__Exercise instructions__: From the first line to the last, repeat the data exactly but leave out the pictures.

__Data block__:
● ● ● ●

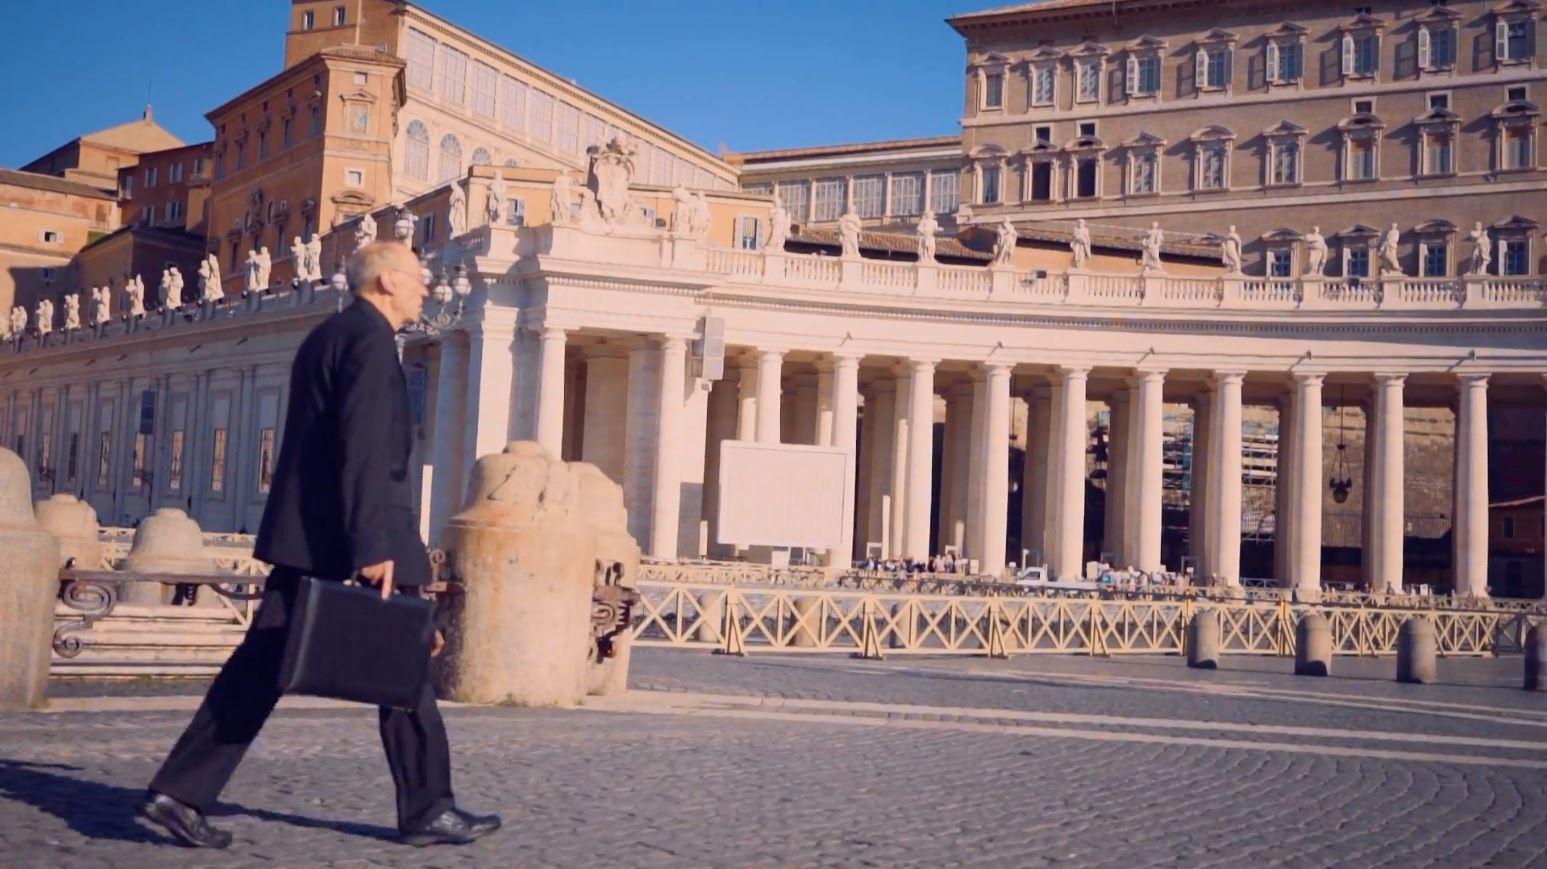 Un baile por Roma 8 - Be There Before
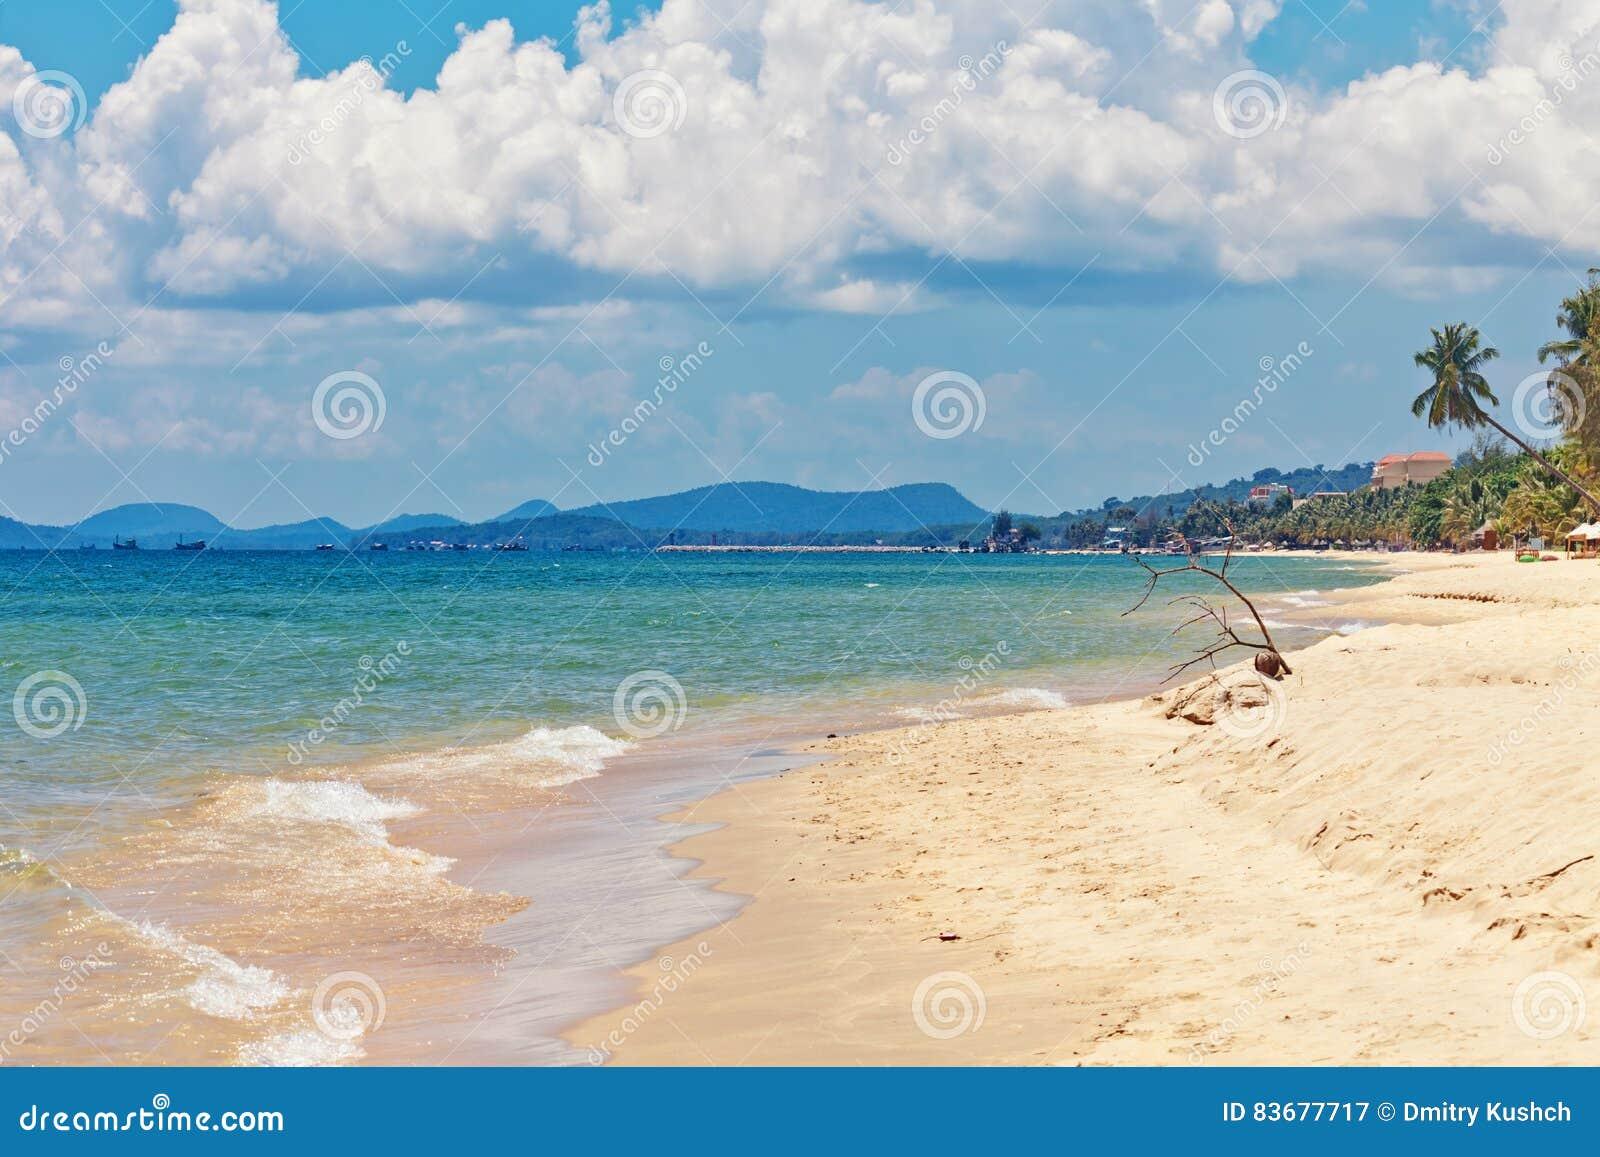 Exotischer tropischer Strand
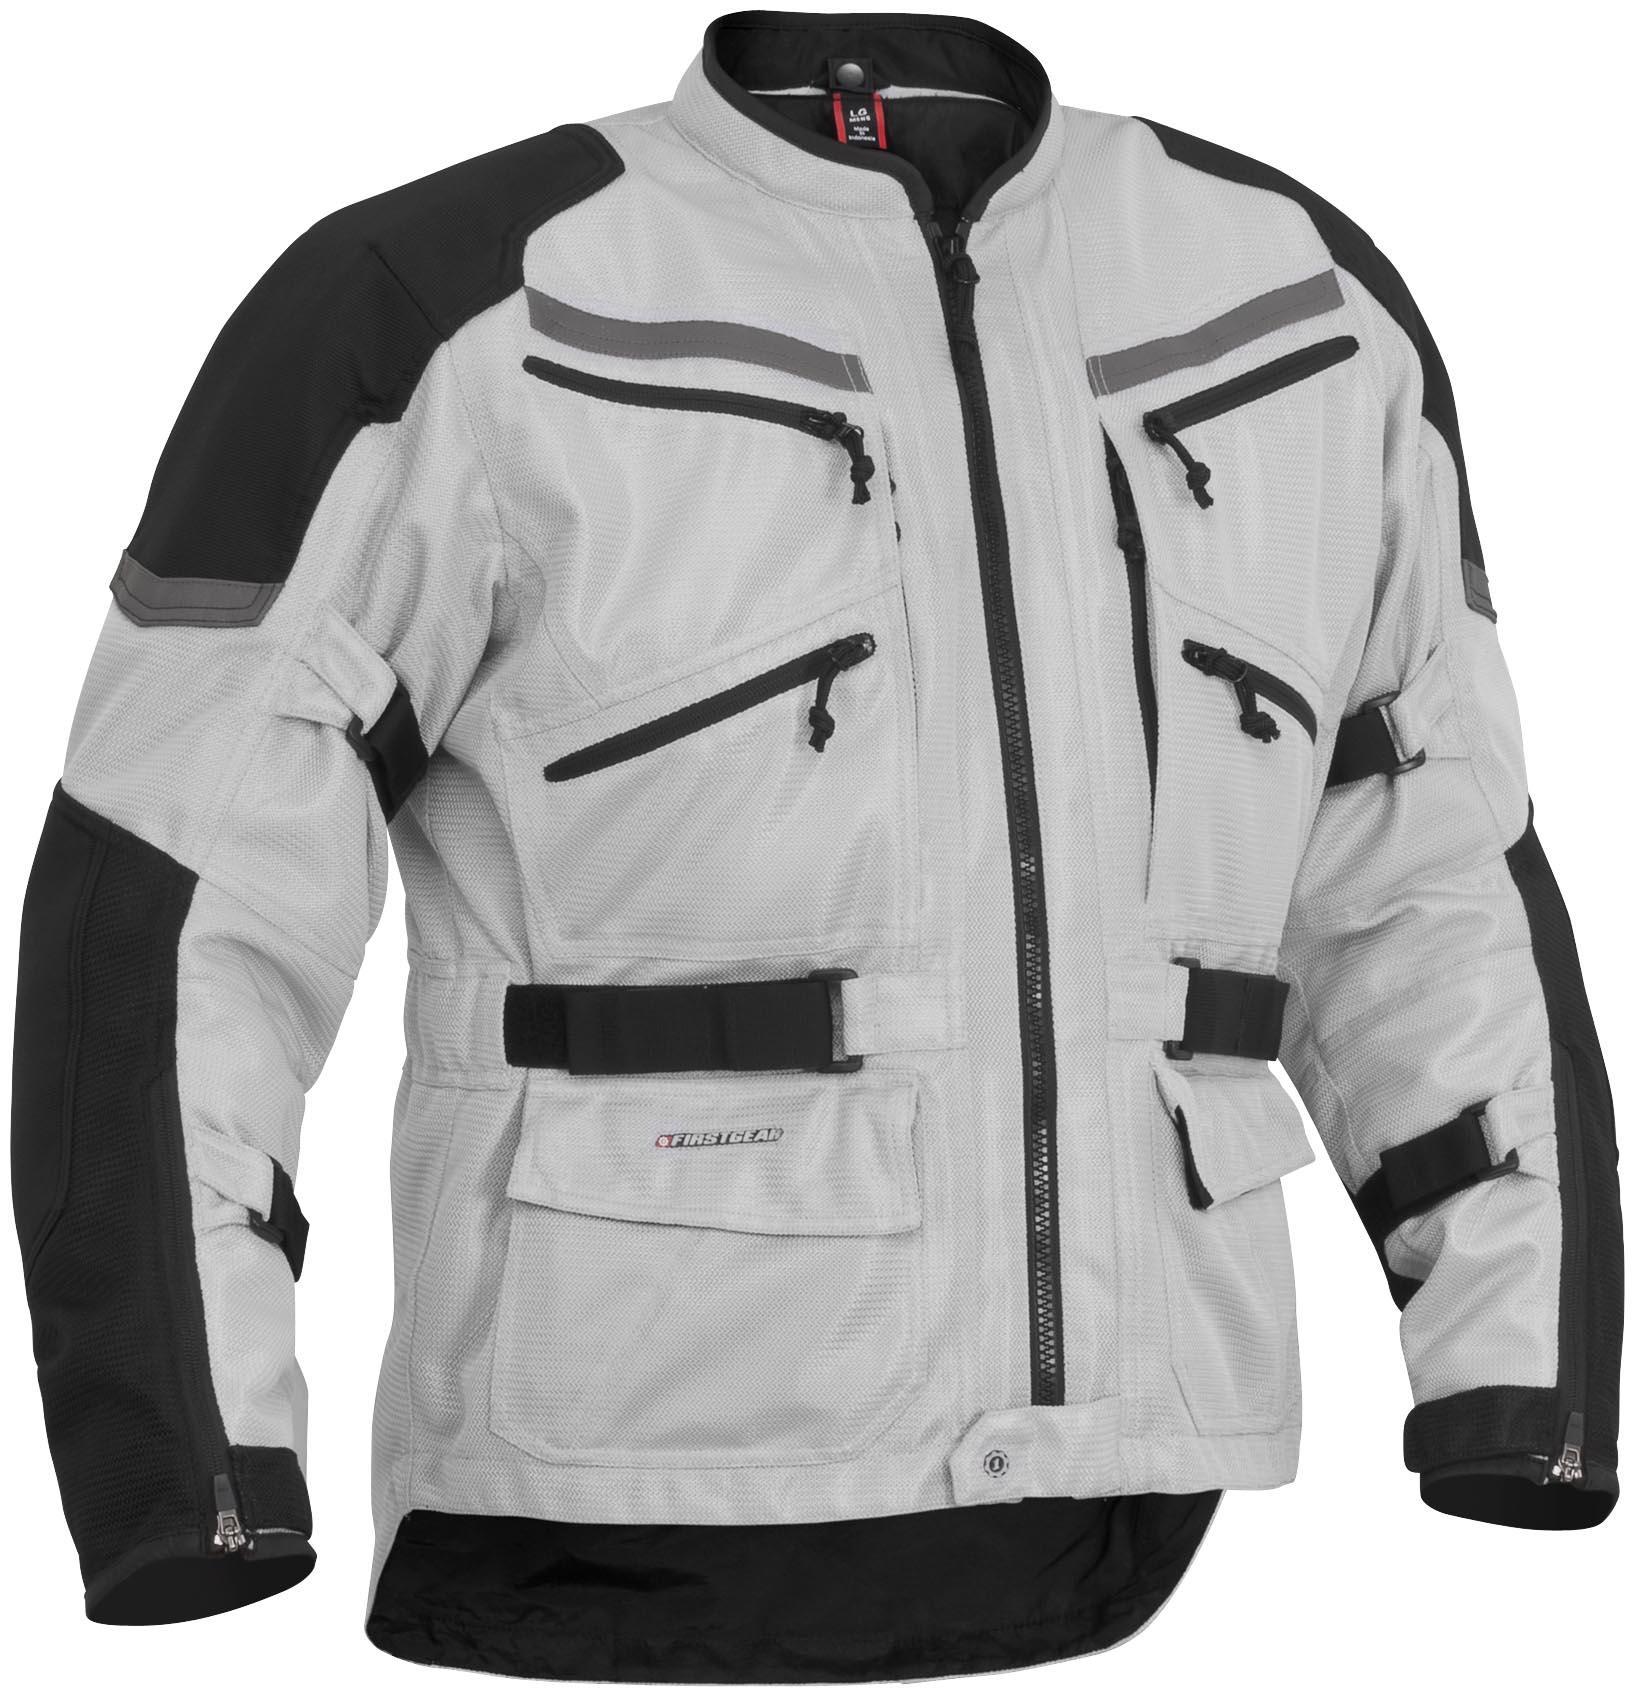 Firstgear 14' Adventure Mesh Jacket

● ● ● ●

__Exercise output__:
 Un baile por Roma 8 - Be There Before
 Exotischer tropischer Strand
 Firstgear 14' Adventure Mesh Jacket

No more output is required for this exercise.